I understand, but I think having a consistent and useful interface is more important than supporting idiosyncratic use-cases ("I want a lead-in"). OK, but I want to hear the loop without one. BTW, it turns out that lead-in is somewhat supported in my version: Define the range including the lead-in, start playback, and when the cursor moves past the desired loop start point, right-click-drag the start to there. The last comment from ell1e was 5 months ago -- perhaps they could try my or some other more recent commit and provide updated feedback.
A true bug should just be fixed.
This is really more of a feature request (although filed as a bug).

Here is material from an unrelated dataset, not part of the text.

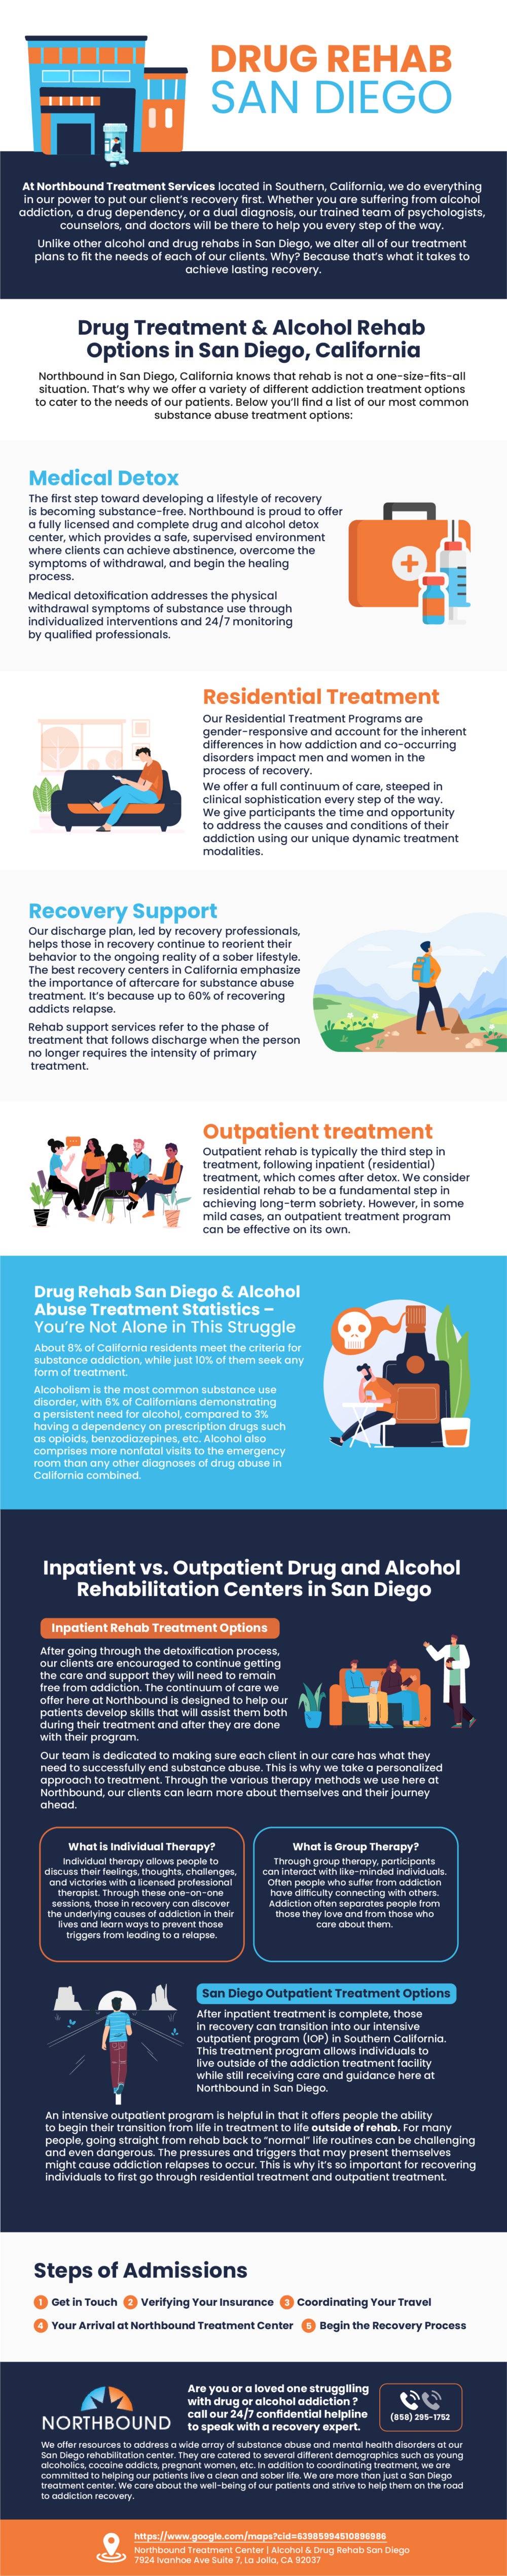 Drug Rehab San Diego

If new features are implemented they should normally be configurable. Rosegarden has a lot of users and they should not be surprised by functionality just changing. I believe this is the philosophy behind using the preferences to maintain old functionality and having a flag to activate the new behaviour
The main philosophy behind the advanced looping in the main branch is that the cursor should not jump into a loop if it would get there by waiting. I think your version of advanced looping is something completely different. Maybe it can be implemented by replacing the "Advanced looping" checkbox with a combobox with three options. But again - it should be configurable.
Maybe we are just going to have to agree to disagree !!
Sorry I didn't have time to test it yet, got dragged into some things.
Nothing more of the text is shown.